The software side matters too. MTIA plugs into PyTorch natively (Meta's own machine learning framework), supports vLLM (a popular system for serving language models efficiently), and uses Triton for custom operations. That means engineers do not need to rewrite their code to run on MTIA instead of a GPU. Frictionless adoption is the explicit goal.

What This Means for the GPU Market

Meta is one of Nvidia's biggest customers. Every workload Meta moves to MTIA is revenue Nvidia does not get.

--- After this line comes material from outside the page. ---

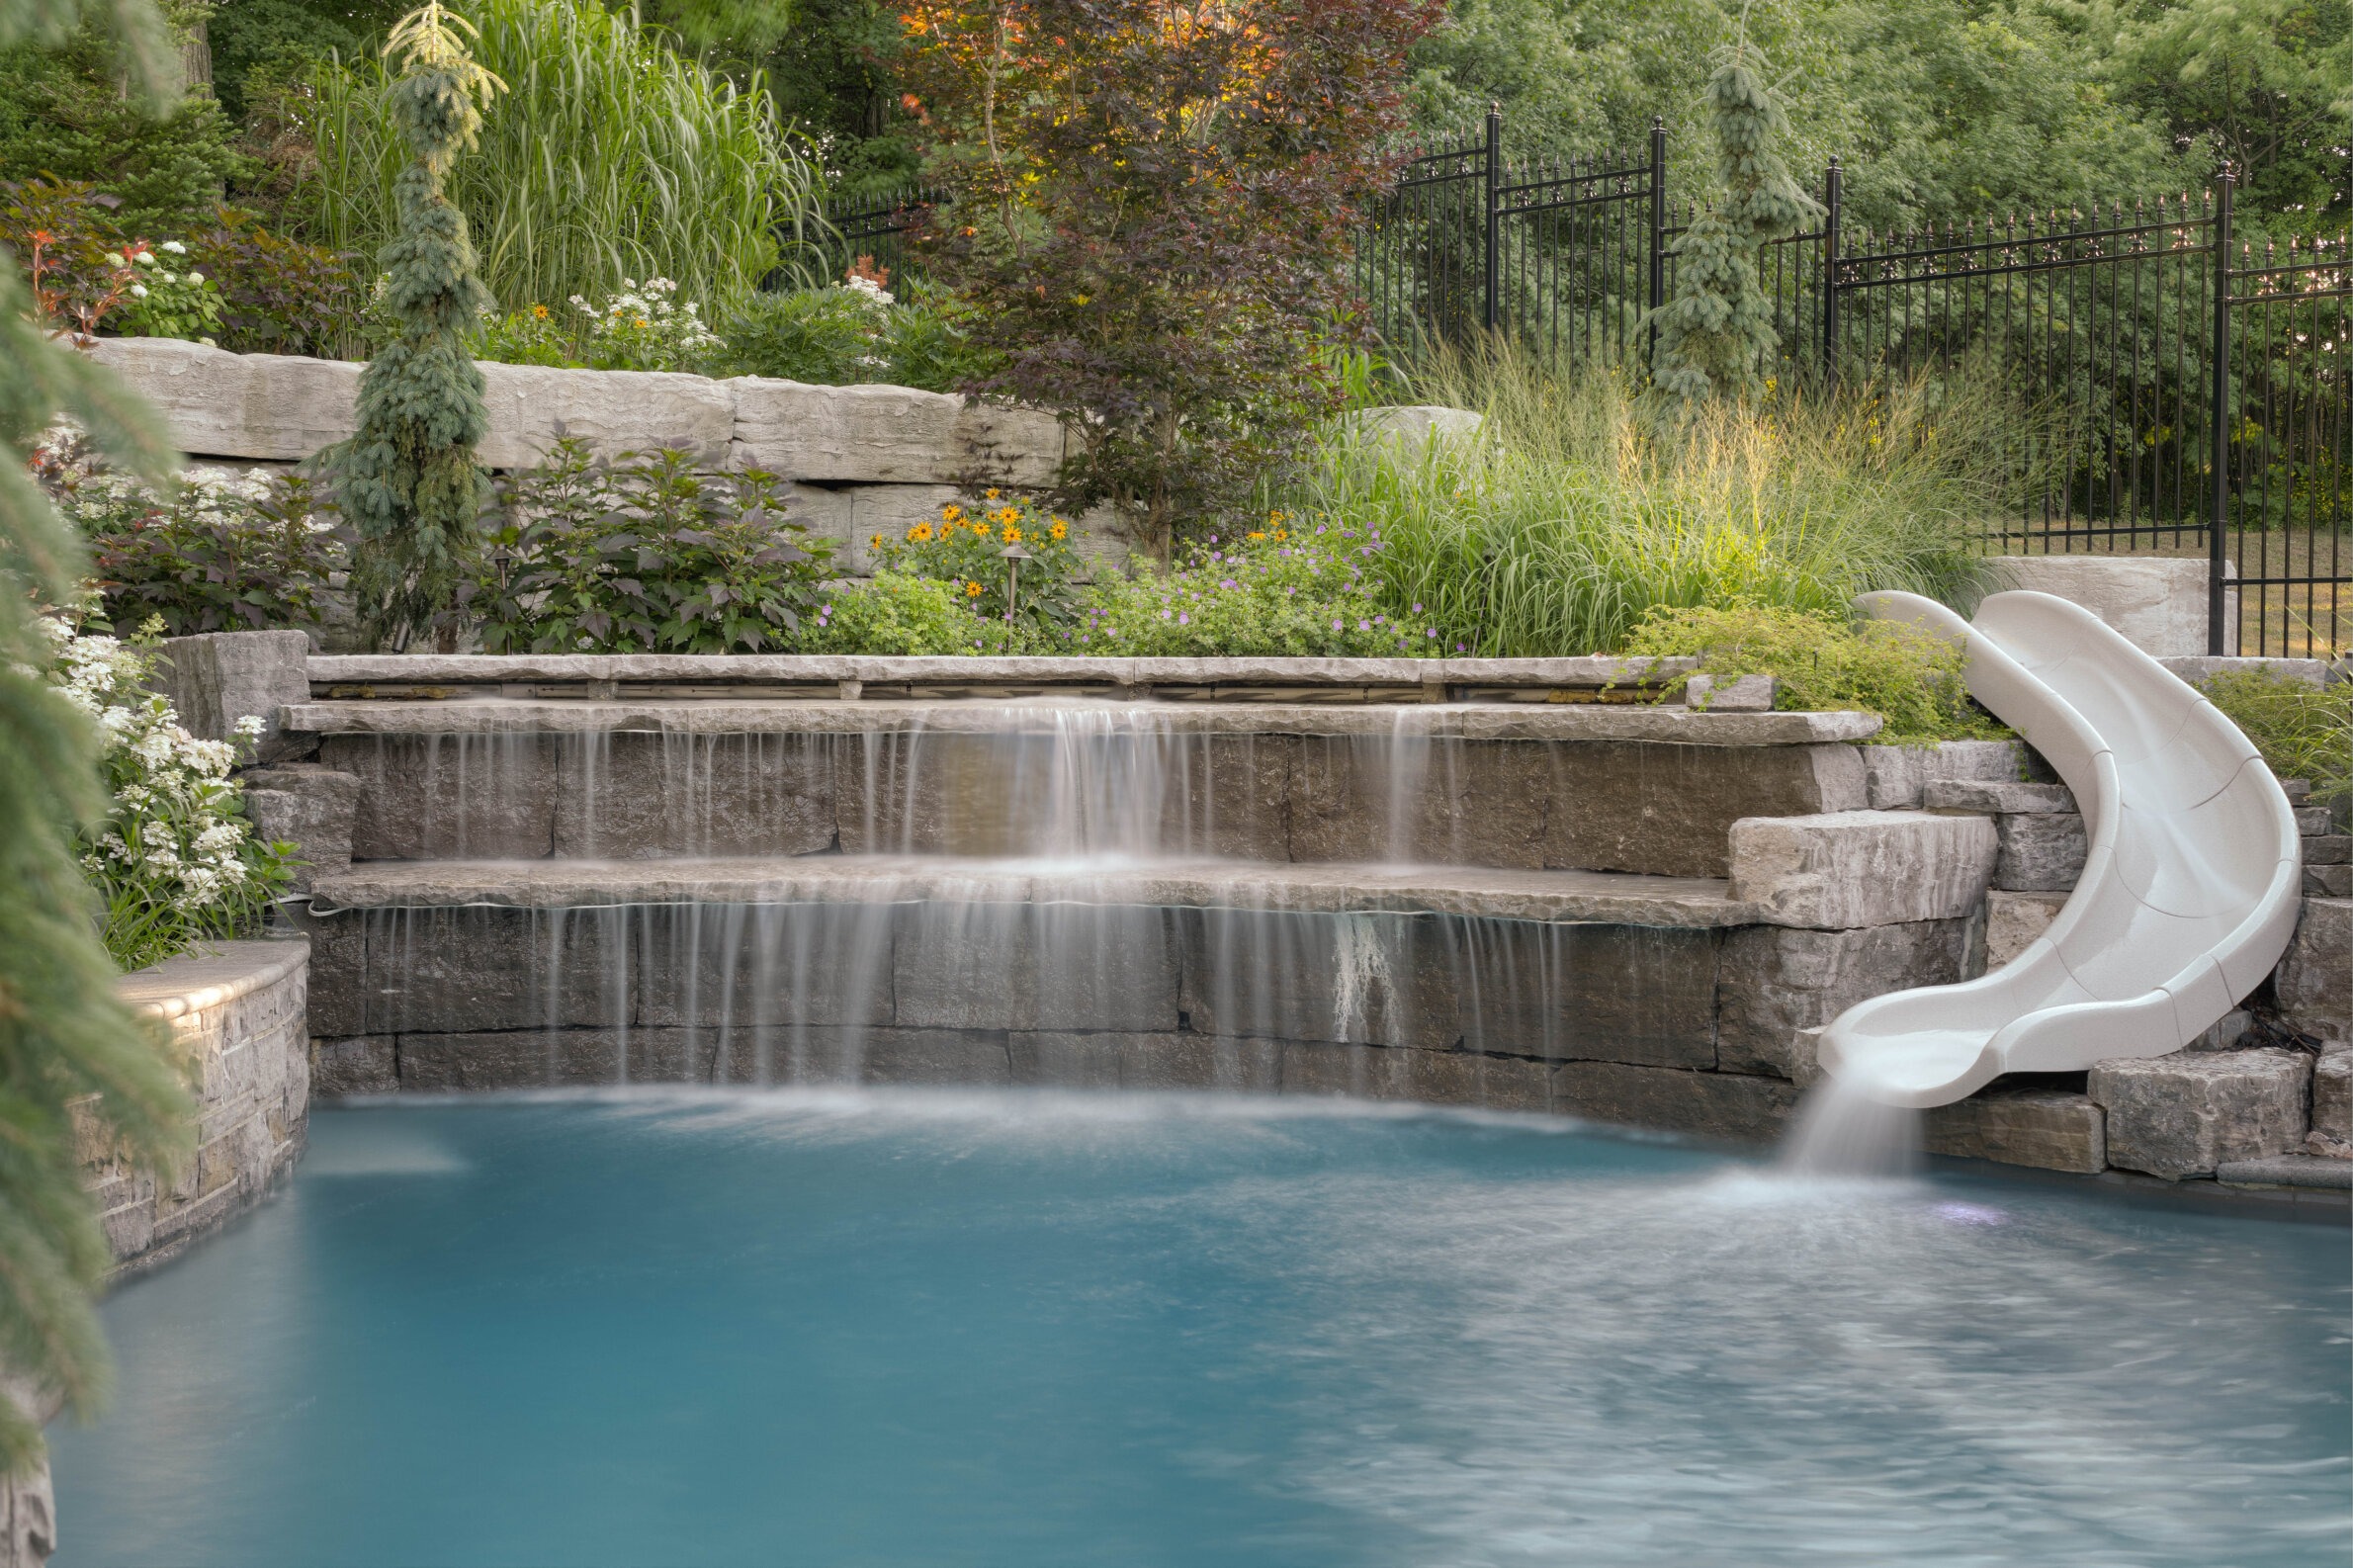 This image shows a tranquil backyard pool with a curved water slide and a cascading artificial rock waterfall set against lush greenery and flowers.

Google has been doing this with its TPU chips for years, and Amazon has its Trainium and Inferentia lines. Meta joining the custom silicon race at this pace - with chips already deployed at "hundreds of thousands" scale - adds real pressure.

But this is not a full GPU replacement. Meta still uses Nvidia hardware extensively for training its largest models. MTIA is focused on inference, which is where the volume is. Training a model happens once; serving it to billions of users happens millions of times per second. That is where custom chips save the most money.

For anyone building on top of Meta's platforms or using Llama models, the practical impact is indirect but real: lower infrastructure costs for Meta means more resources for model development and potentially cheaper API access down the line.